Non-coding RNAs don't have to be long to have an effect. There is a whole swarm of short (20 base pair) RNAs that are involved in fine-tuning gene expression, particularly in the immune system and in development. A particular class of them called small interfering RNAs (siRNAs) have an interesting effect called post-transcriptional gene silencing in which protein-coding genes are effectively switched off because their messenger RNAs degrade at a very high rate. Sadly their potential therapeutic use - for example in cancer treatments - has not yet been realised due to the unsolved problem of delivering these notoriously fragile molecules into the appropriate cells.

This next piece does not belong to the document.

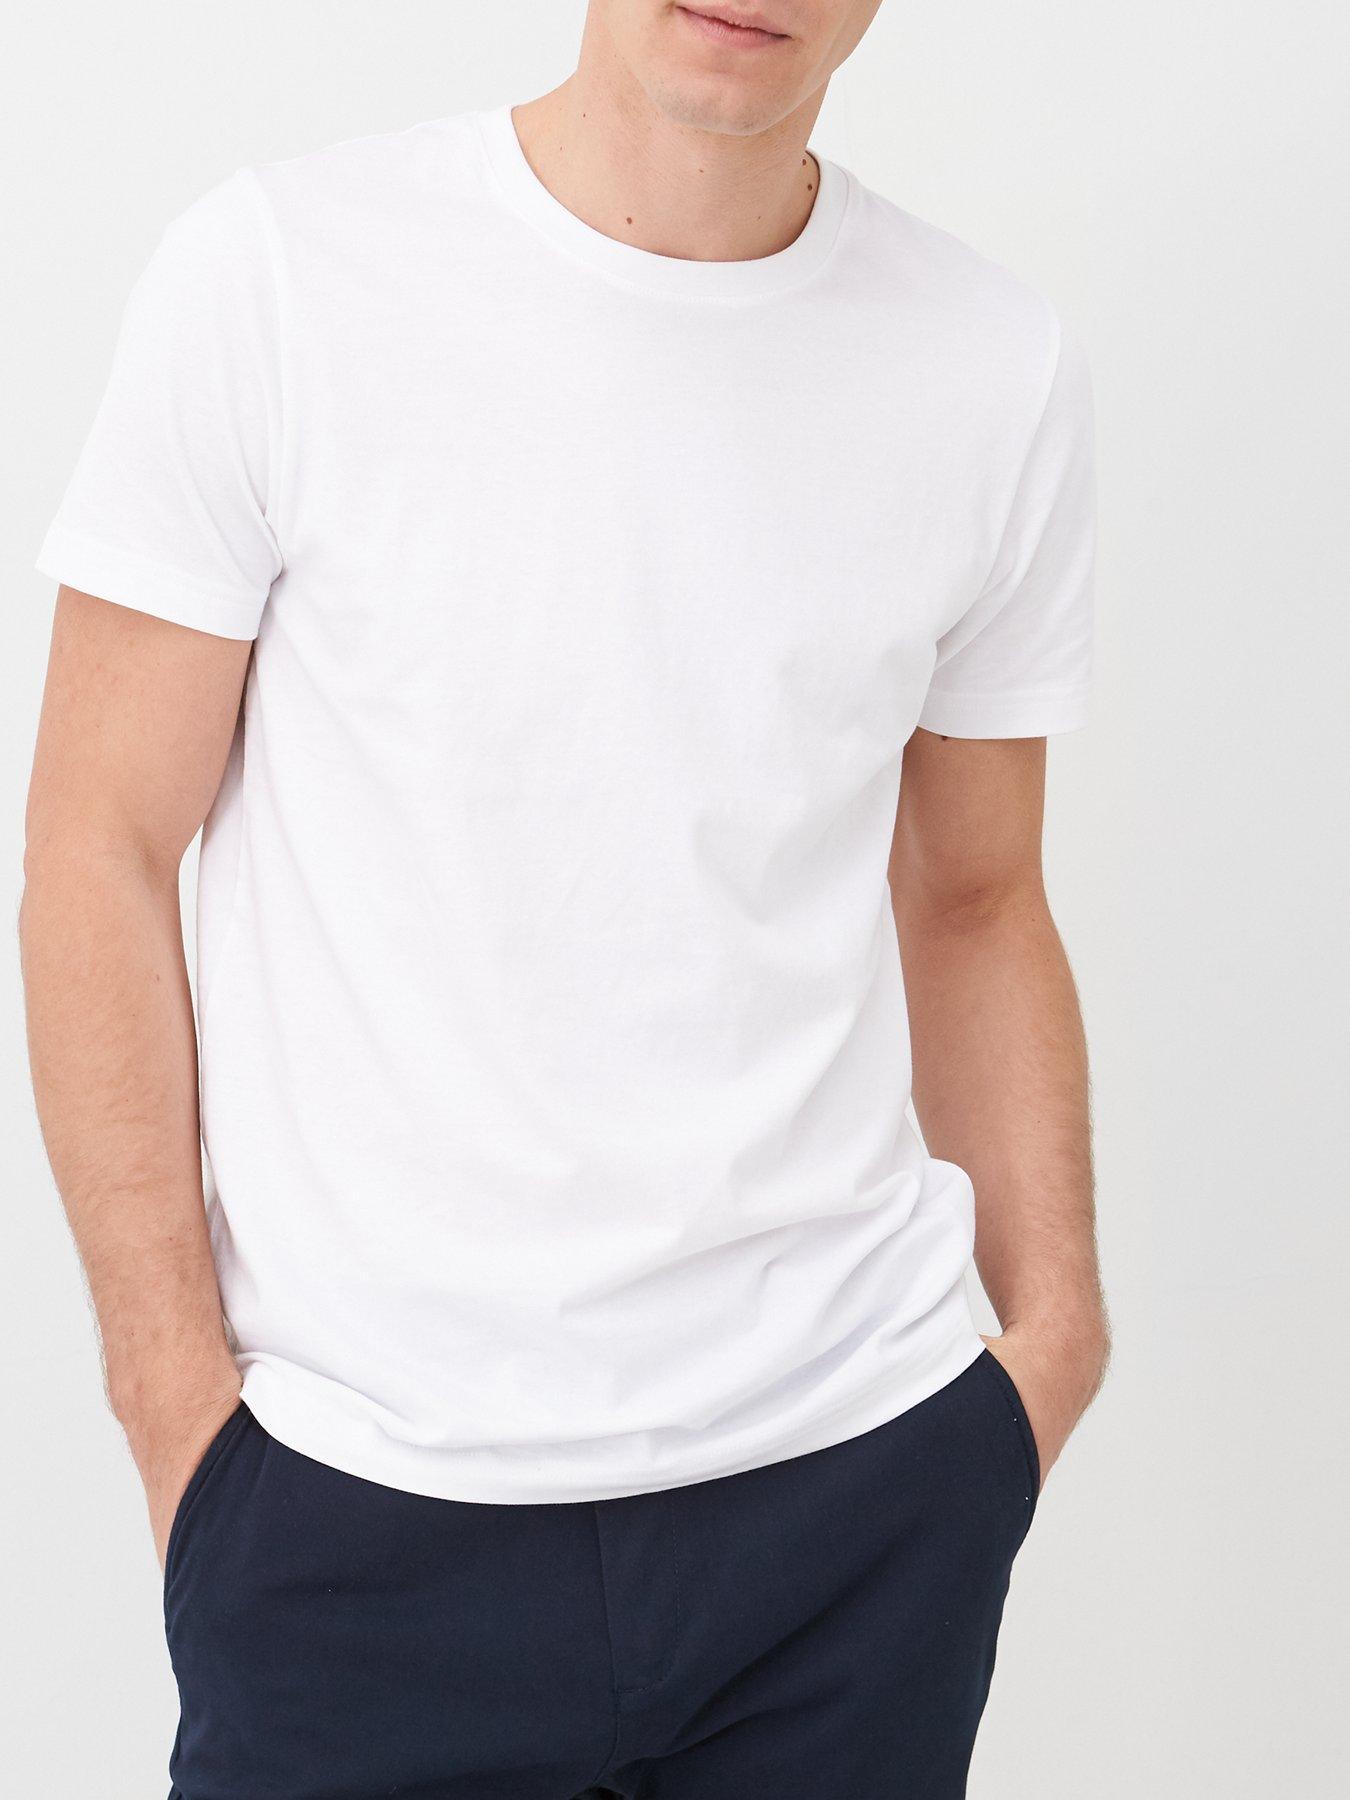 Men 100/% Pure Silk T-Shirt Top Knitted Leisure Crew Neck Shirts Long Sleeve Soft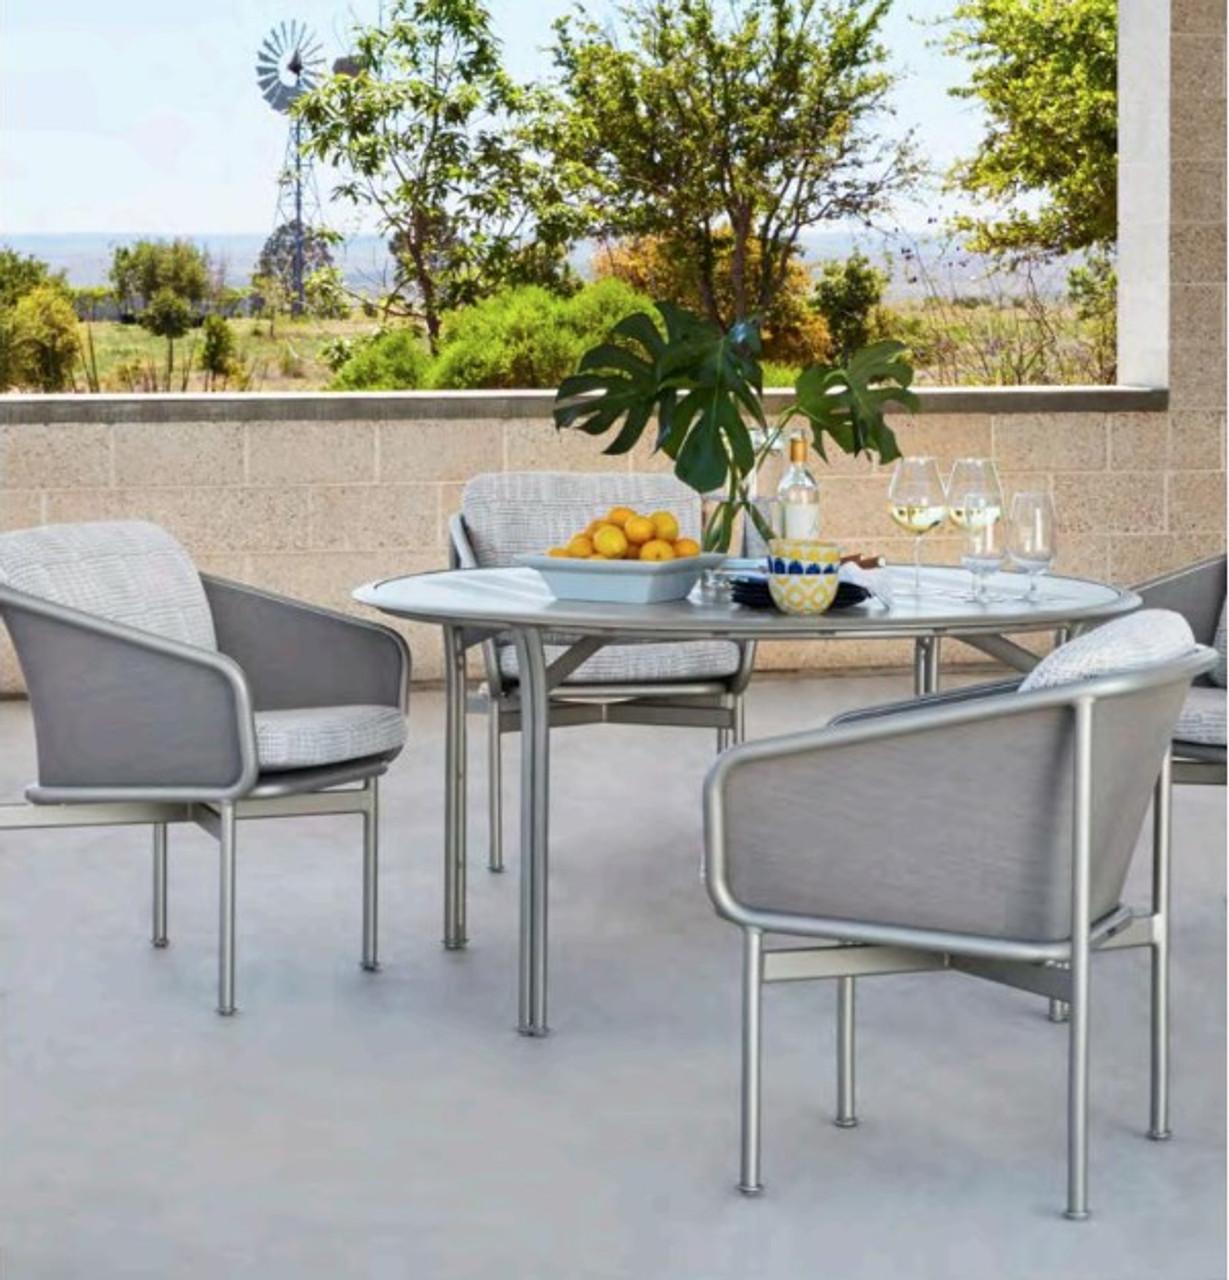 Astonishing Verge Collection Brown Jordan Outdoor Patio Furniture Best Image Libraries Barepthycampuscom

As I mentioned, this book has a number of annoyances. Carey says at the start that she is not going to use the scientific names for the genes that she describes - fortunately she is inconsistent in this, but some of the explanations would have less vague had she just used the standard acronyms. The material could also have done with being better organised, either by type (long non-coding RNAs, structural non-coding DNA, short RNAs) or by function (promoters, enhancers, riboproteins and the like). As it is, it reads like a series of reports from the research front line rather than having an overarching narrative. It was interesting to me as someone who studied the subject many years ago, but a more general reader is likely to get lost in the thickets of the disparate phenomena that she describes, particularly when the explanations are mixed in with descriptions of the complex diseases that they cause.
But the most irritating feature by far is her use of the term "junk DNA" for any sequence that doesn't code for a protein. This undermines the whole thesis of the book, which is that actually there is probably relatively little waste in the human genome. This is not entirely true - some 42% of the human genome is made up of retrotransposons, many of which appear to have been inactivated by mutation and could probably safely be removed without loss of cellular function - but the remainder probably has some use, if only to space out the genes so that they can be transcribed or to mark regions important to chromosome function such as centromeres and telomeres. For much of the genome, the precise sequence is probably not essential to its function, so it will not be heavily conserved in evolution. But that doesn't make it junk, and Carey misrepresents the very interesting science that she describes by using the term.